Intorno all’altare pietre squadrate e liste di nero del Mar Morto incorniciano un elegante e severo tappeto di mosaico a sottili disegni bianchi su fondo nero con tocchi di rosso-corallo e viola e verdi forniti anch’essi dalle cave locali; e questo tappeto continua poi come guida nel centro della nave fino alla porta d’ingresso. Si direbbe che la balaustra dell’altare è quasi trasparente nell’intreccio lieve di archi e quadrilobi, sicché non spezza l’unità del piccolo ambiente e lascia libera la vista sul presbiterio; fu eseguita insieme alle griglie dorate del coretto nelle officine di S. Salvatore su disegni dell’architetto.
Ma chi entra nel Santuario non vede da principio le cose fin qui descritte. Attraverso la penombra della nave tre quadri luminosi, fatti come di gemme variamente scintillanti e colorate, l’affàscinano e ne trasportano lo spirito al di là del reale, nell’oblìo delle brevi pareti che lo circondano. Una sorpresa ed una meraviglia. Tre delle arcate a sostegno della volta del presbiterio sono chiuse da preziose vetrate.

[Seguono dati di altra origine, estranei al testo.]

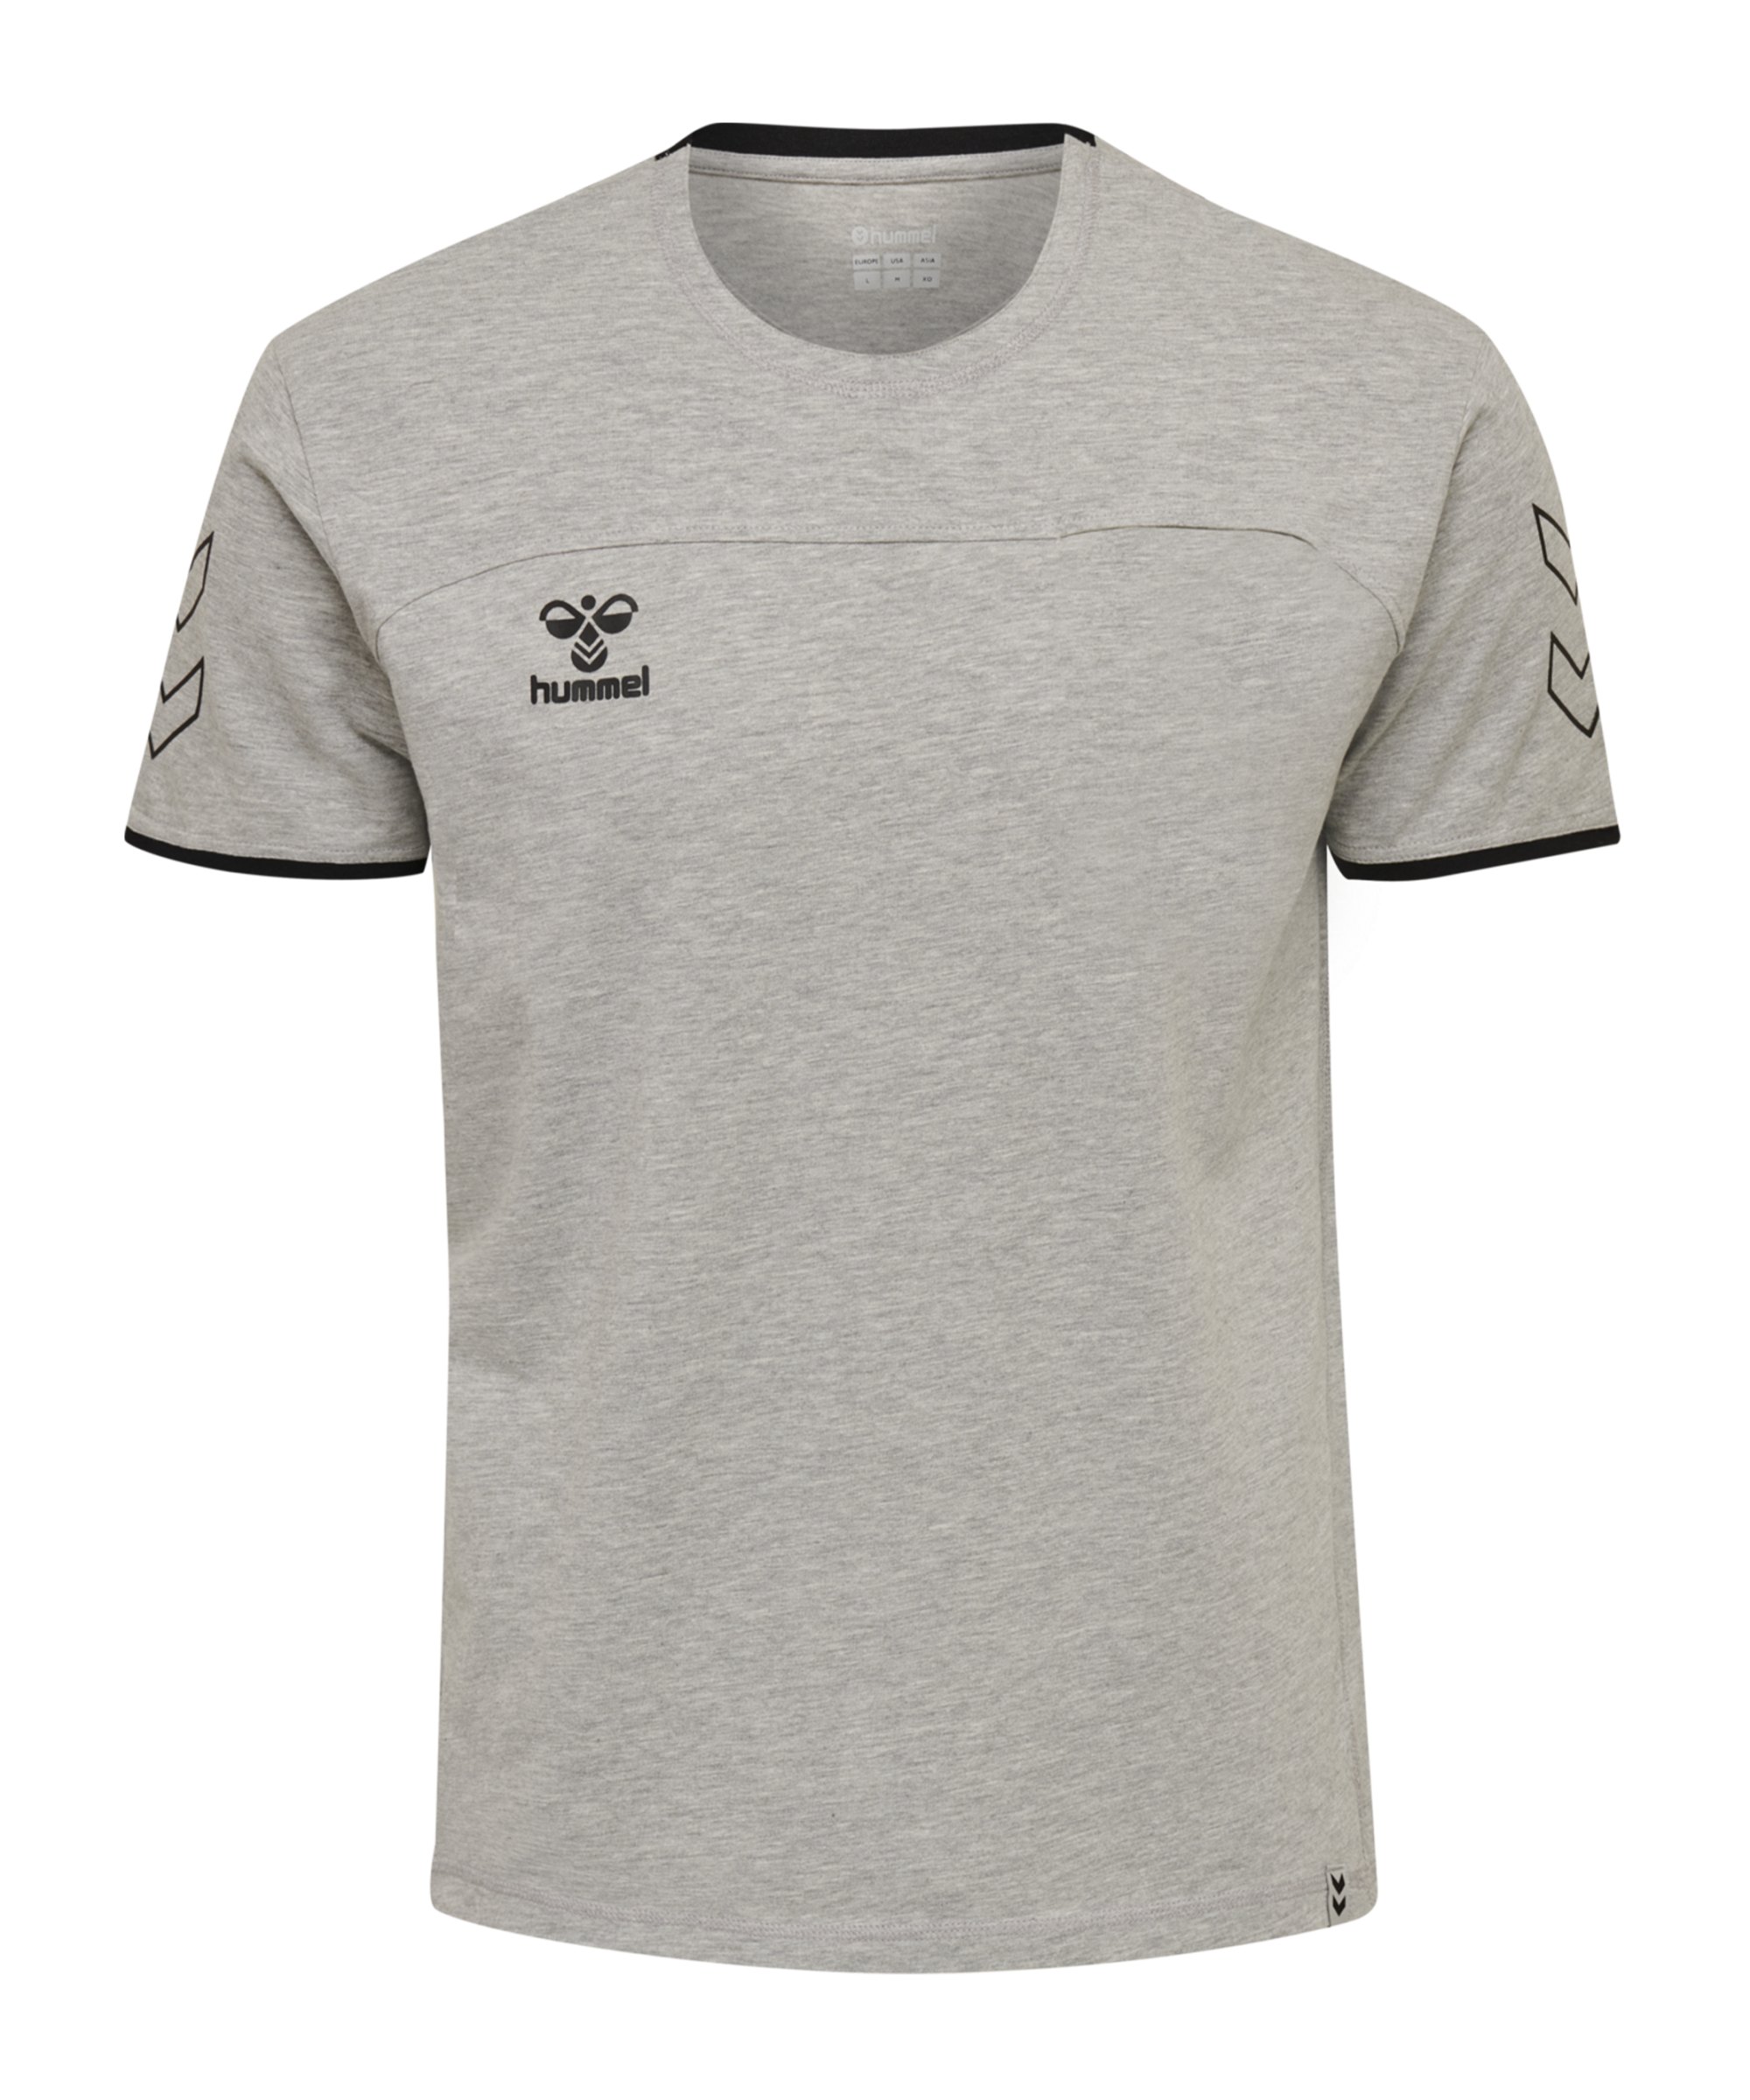 Hummel Cima T-Shirt Kids Grau F2006 - grau

Nel centro Cristo alla colonna: « Ego in hoc natus sum et ad hoc veni in mundum ut testimonium perhibeam veritati: Omnis qui est ex veritate audit vocem meam ». (Ioa., XVIII). Il mondo invece ama la menzogna che giustifica o esalta il peccato, e tura la bocca della Verità con ceffoni e con sputi, cioè con la sudicia calunnia; la temuta Verità vuol flagellata a sangue. Il Maligno ride nel riso beffardo e saettante odio dei suoi umani satelliti, e Cristo-Verità, legato alla colonna, folgora di luce e leva i grandi occhi al Cielo, testimone della sua missione e del suo strazio ineffabile. Anime pie vedrebbero forse volentieri un lampo di dolce bontà su quel Volto virile che il taglio secco delle sagome vetrose rende un po’ duro; ma quale potenza divina è in quell’atteggiamento di supremo dolore ! E i toni cupi del colore commentano le basse passioni degli implacabili carnefici.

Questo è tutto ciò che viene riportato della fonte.